Canada’s Ten Thousand Cow Genomes Project

1324

Source: Dairy Farmers of Canada

OBJECTIVE:

The goal of the activity was establishing a database of cows genotyped with high quality records for fertility, survival, health, novel traits and other key traits, and these have been imputed to the entire sequence genotypes of these cows.

KEY OUTCOMES:

• A national cow genomic data base with unique and high quality cow phenotypes. A reference data base of 9,830 cows imputed to sequence genotypes with minimized preferential treatment coming from herds with high quality phenotypes for fertility, survival, health, other key traits, and novel trait phenotypes such as immune response, hoof health, feed efficiency and related traits, and milk spectral data. This reference database is already being used by several research and development projects with direct relevance to the Canadian Dairy Network and the dairy industry in general.

• An efficient method to maximize imputation accuracy to wholegenome sequence by applying various quality control filters in post-alignment sequence data. This efficient method maximizes sequence imputation accuracy and, therefore, accuracy of the associated analyses.
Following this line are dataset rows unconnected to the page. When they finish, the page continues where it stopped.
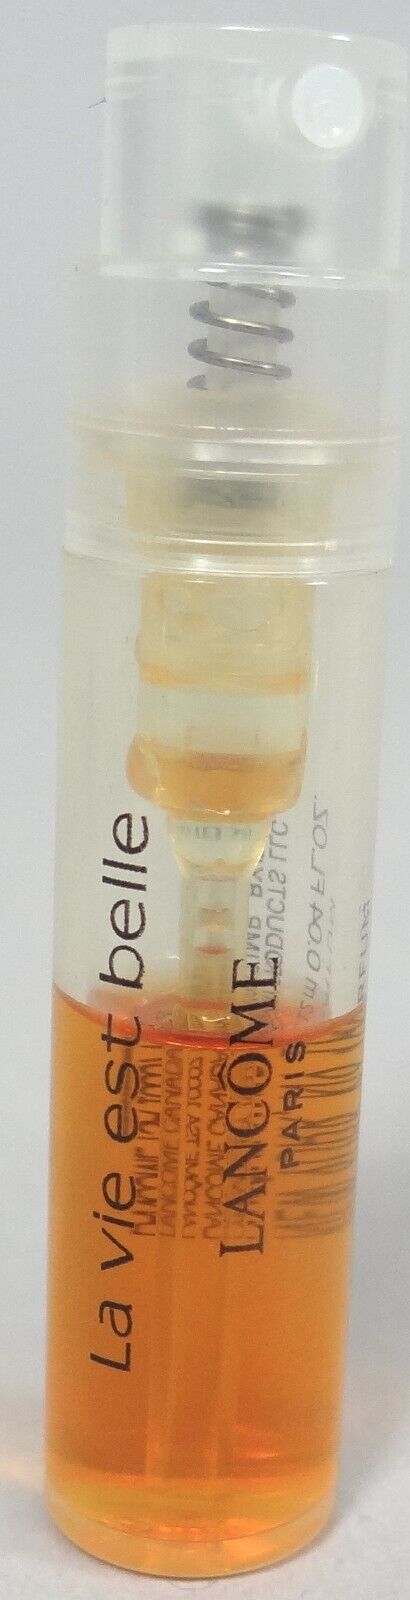 Lancome La Vie Est Belle Perfume Parfum Spray Mini Travel Sample .04 oz 1.2 ml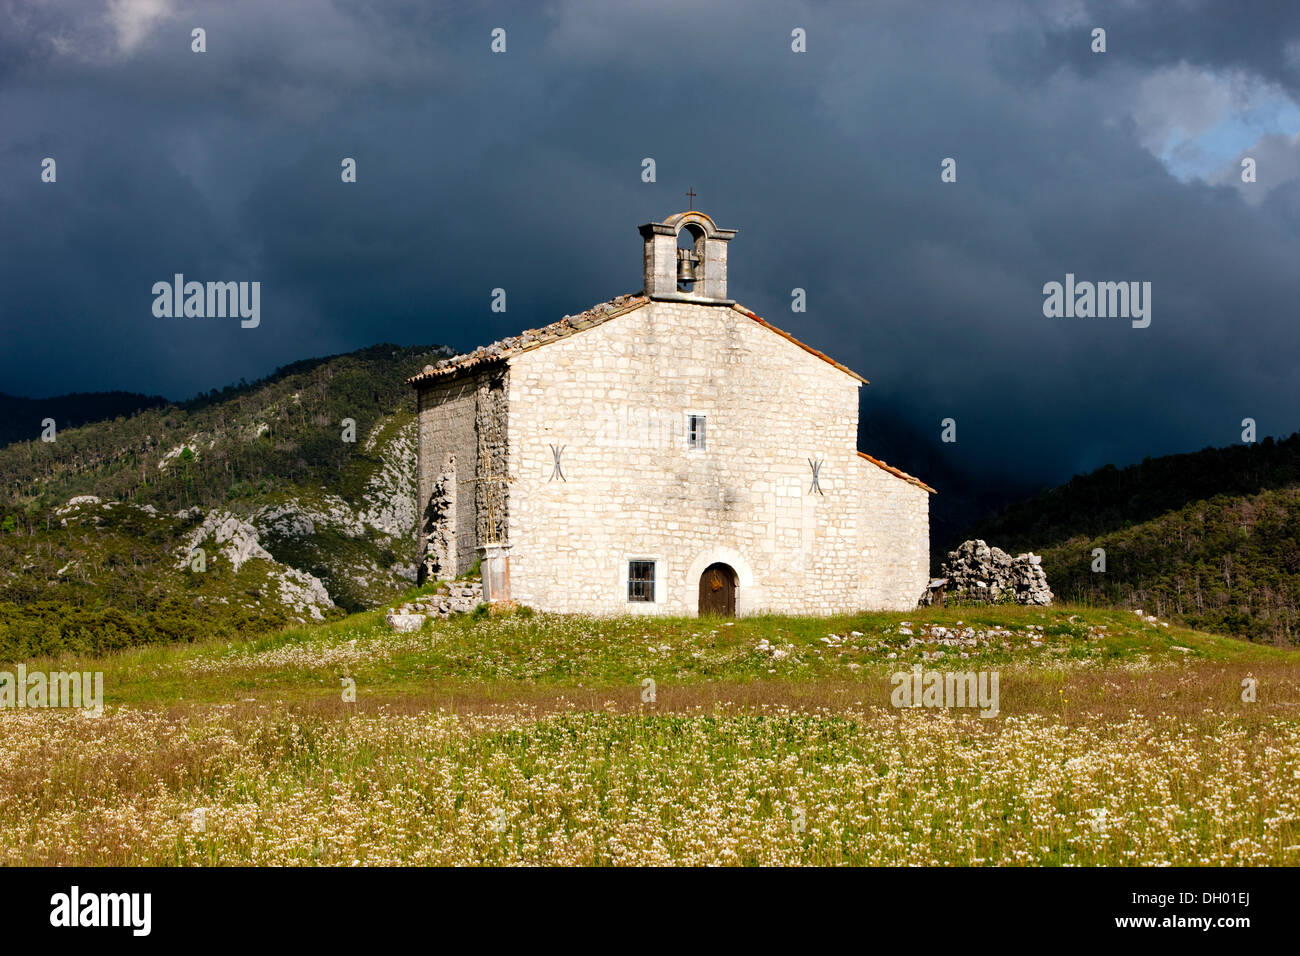 L'humeur orageuse, chapelle en Provence, Alpes de Haute Provence, France Banque D'Images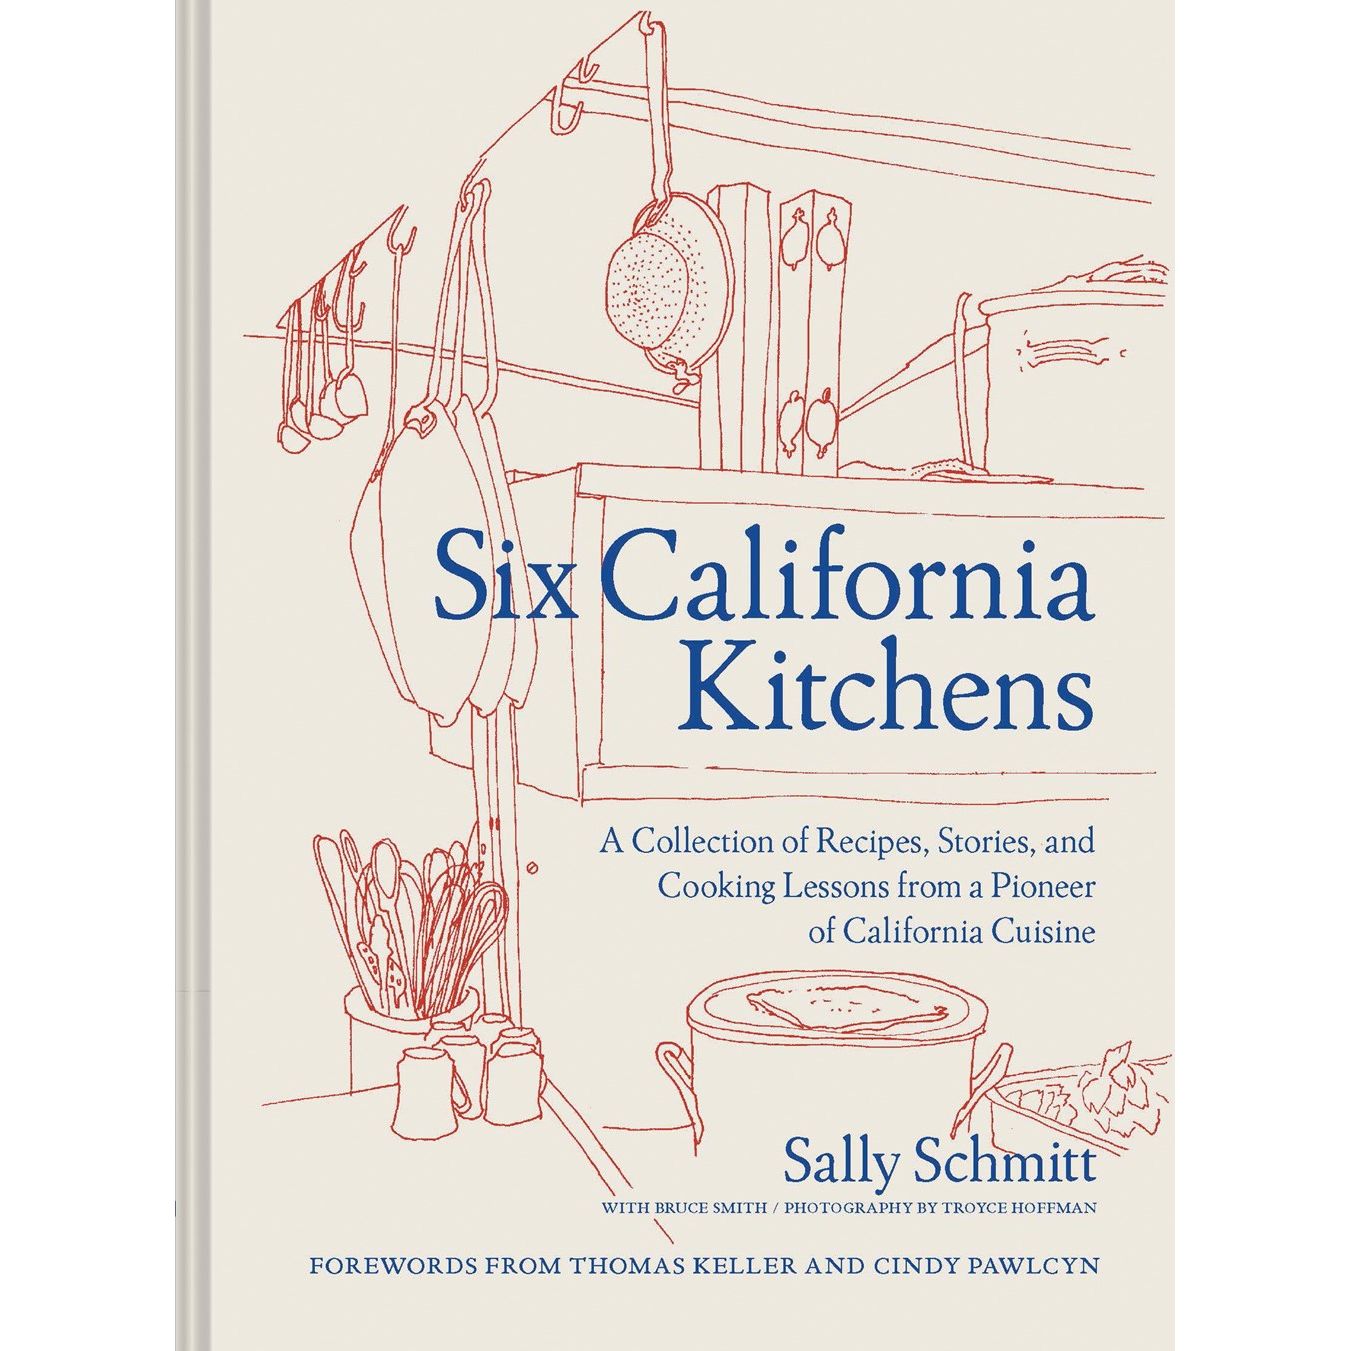 Six California Kitchens (Sally Schmitt)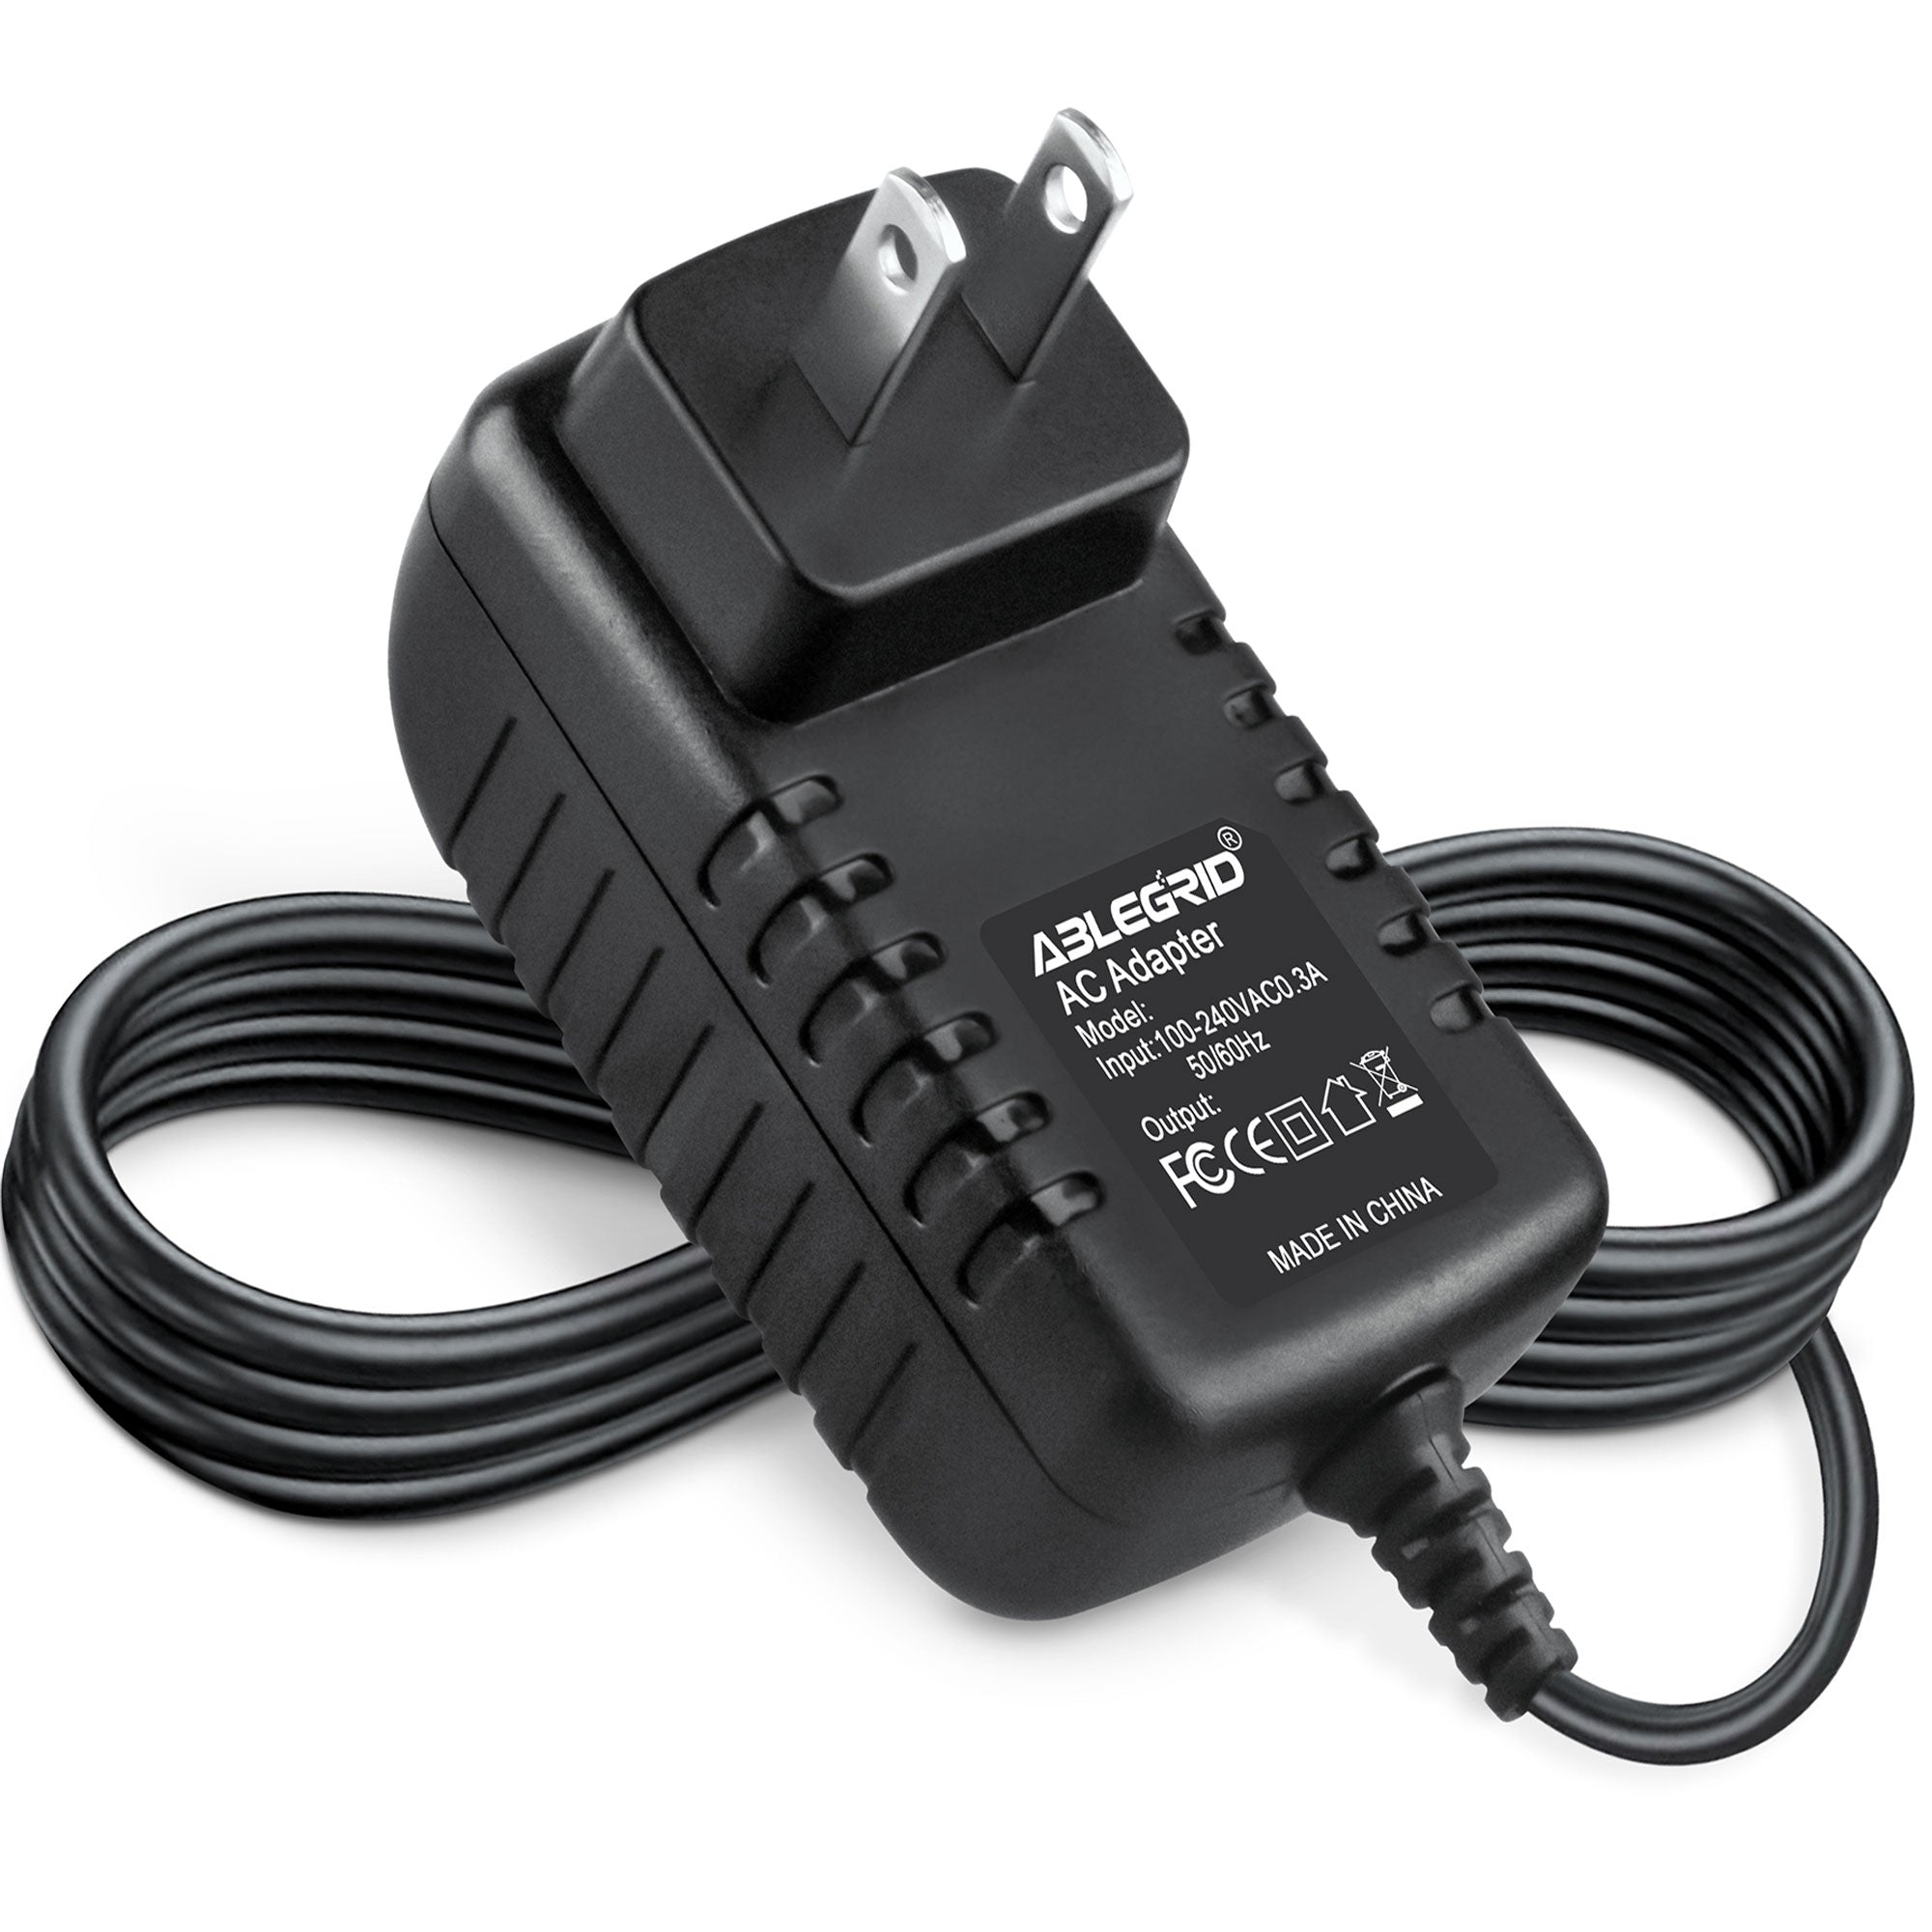 AbleGrid AC Adapter for Sony ICF-C11iP ICF-C11iP/BLK AM/FM Alarm Clock Radio Power Supply

• An efficient pipeline to construct genomic relationship matrices based on haplotypes for genomic prediction and genome wide association studies analyses. This will allow the efficient use of haplotype based models.

BENEFITS TO THE DAIRY INDUSTRY

This activity has allowed the development of a female reference population (phenotyped and 50K genotyped), which has allowed the implementation of single step genomic evaluation for novel traits. This technology yields a higher reliability of genomic breeding values and thus accurate selection even for low heritable traits.